While poking around the Internet, I came across a link to project middleman. The project provides an easy way for administrators to parallelize tasks inside shell scripts, and is described rather nicely in the README file that comes with the source code:

“The philosophy behind mdm is that users should benefit from their multi-core systems without making drastic changes to their shell scripts. With mdm, you annotate your scripts to specify which commands might benefit from parallelization, and then you run it under the supervision of the mdm system. At runtime, the mdm system dynamically discovers parallelization opportunities and run the annotated commands in parallel as appropriate.”

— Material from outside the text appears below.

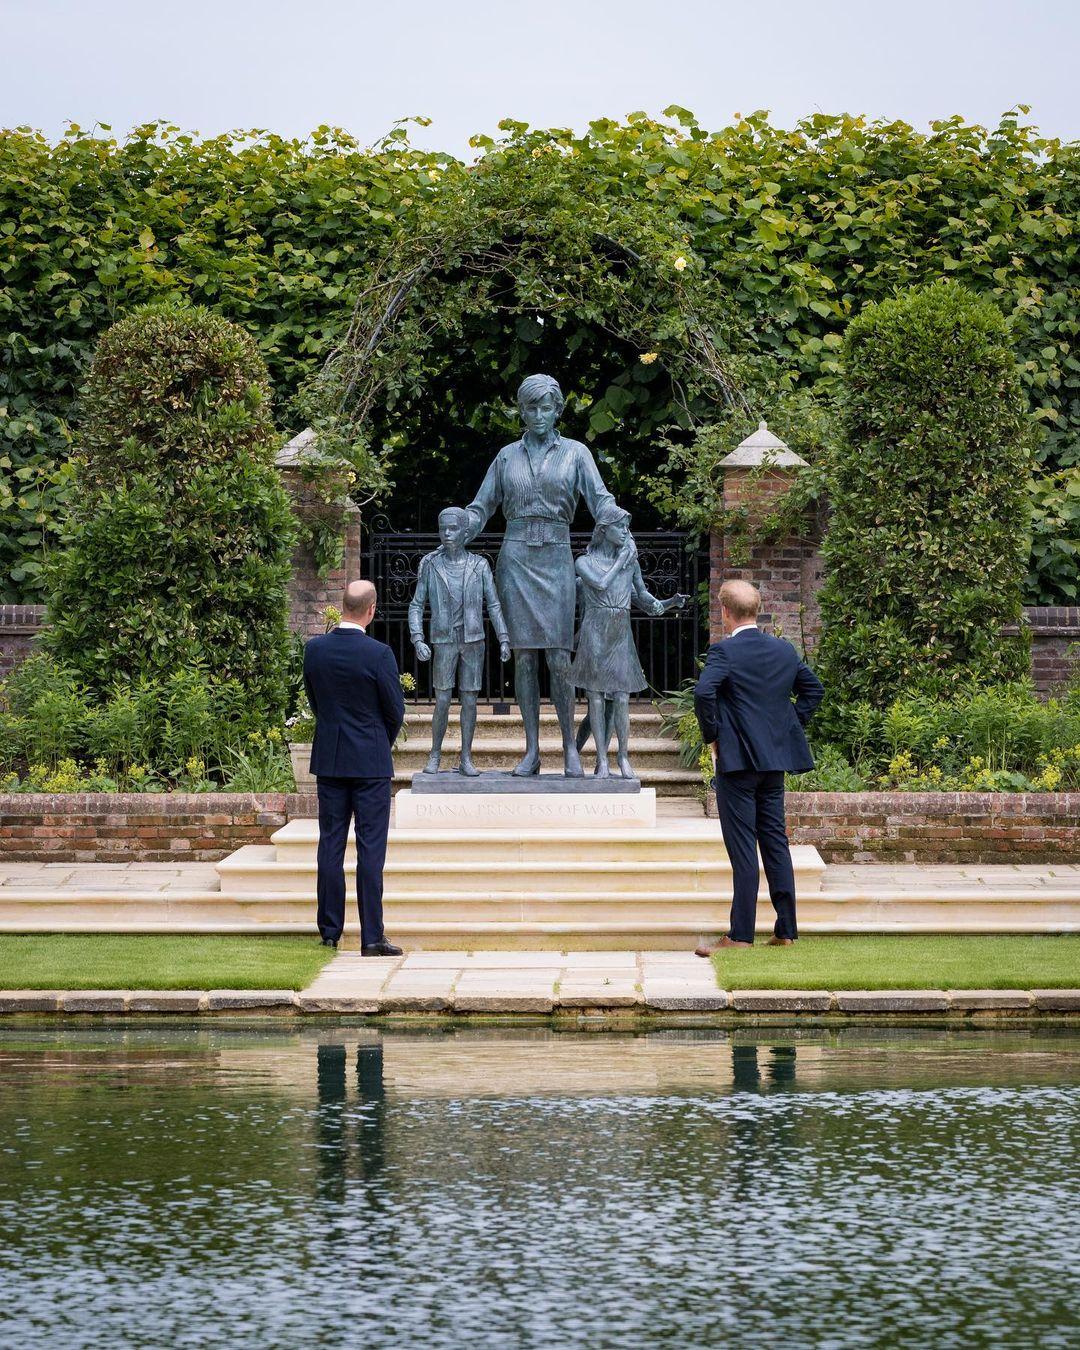 Estátua Princesa Diana Palácio de Kensington
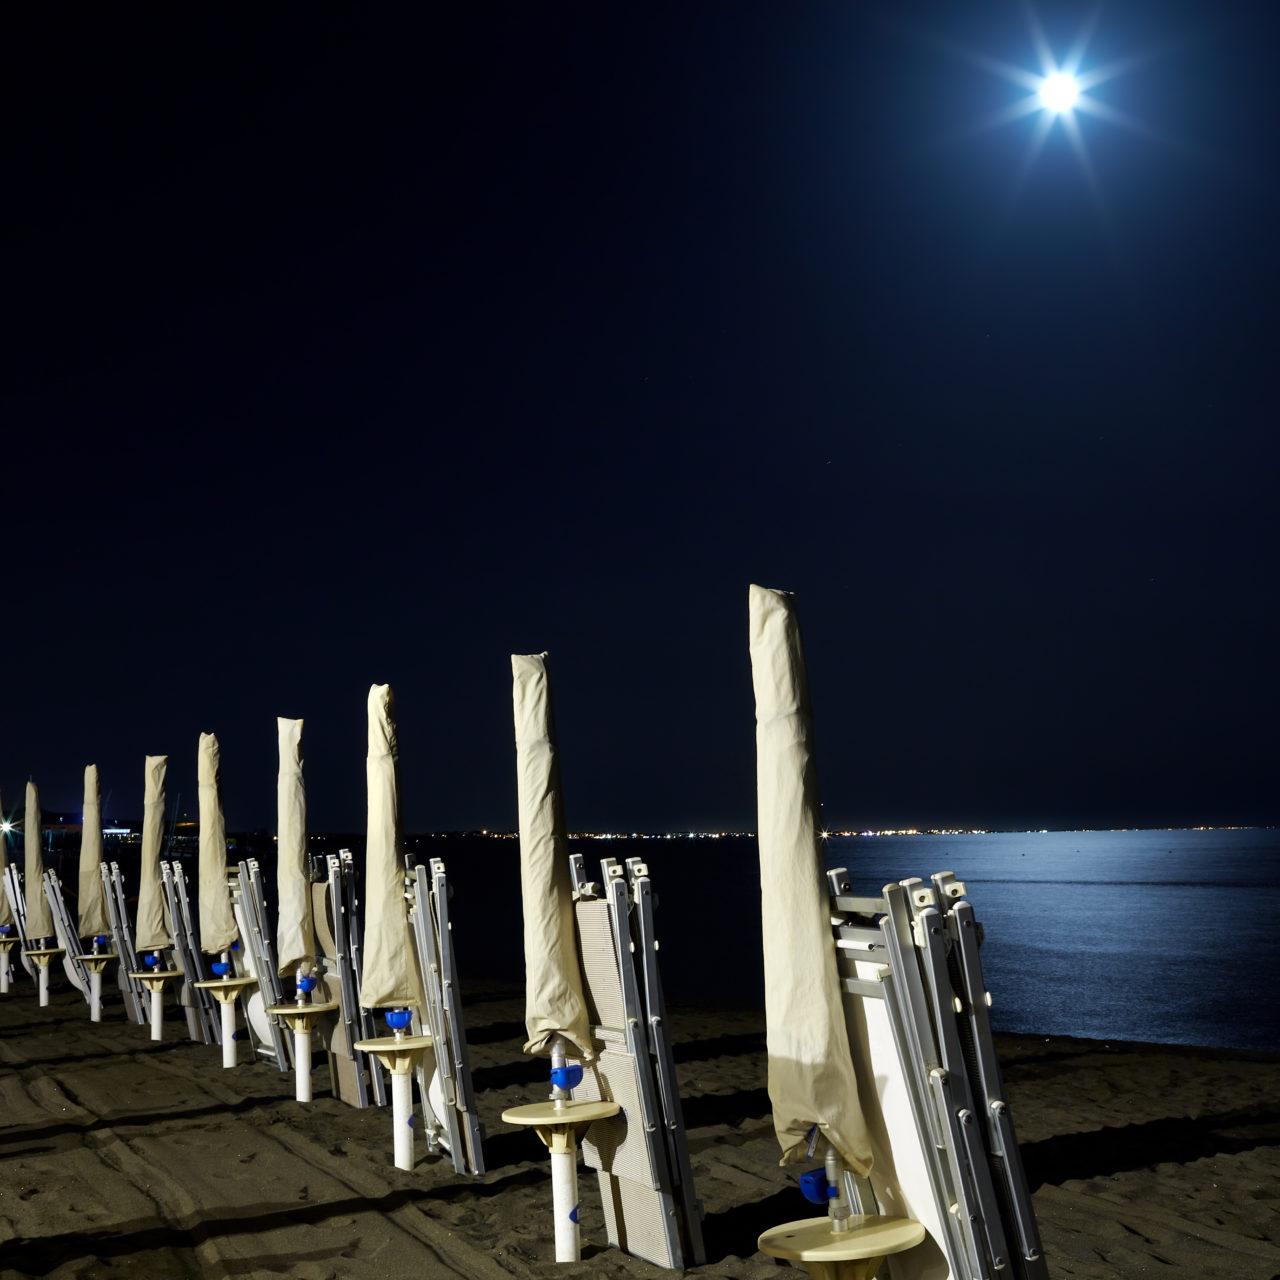 La dernière Pleine Lune de l'année est ambiguë

And when they mention annotating a shell script, it really is as simple as placing the “mdm-run” binary in front of tasks that can be parallelized (you can also define an I/O profile if tasks will interfere with each others I/O streams):

$ mdm-run convert2ogg *.mp3

This is pretty sweet, and I need to play around with this a bit more on my quad core desktop. Rock on!

I just came across Parallelizing Jobs with xargs, which describes how to use the xargs “-P” option to parallelize tasks:

$ ls .mp3 | xargs -P 8 -n 1 convert2ogg

The “-P” argument to xargs will cause 8 convert2ogg processes to be kicked off, and the “-n” option will ensure that only one argument of the ls output is passed to each process that is created. This is sweet, and I can DEFINITELY see myself using this super useful argument in the future!!!!!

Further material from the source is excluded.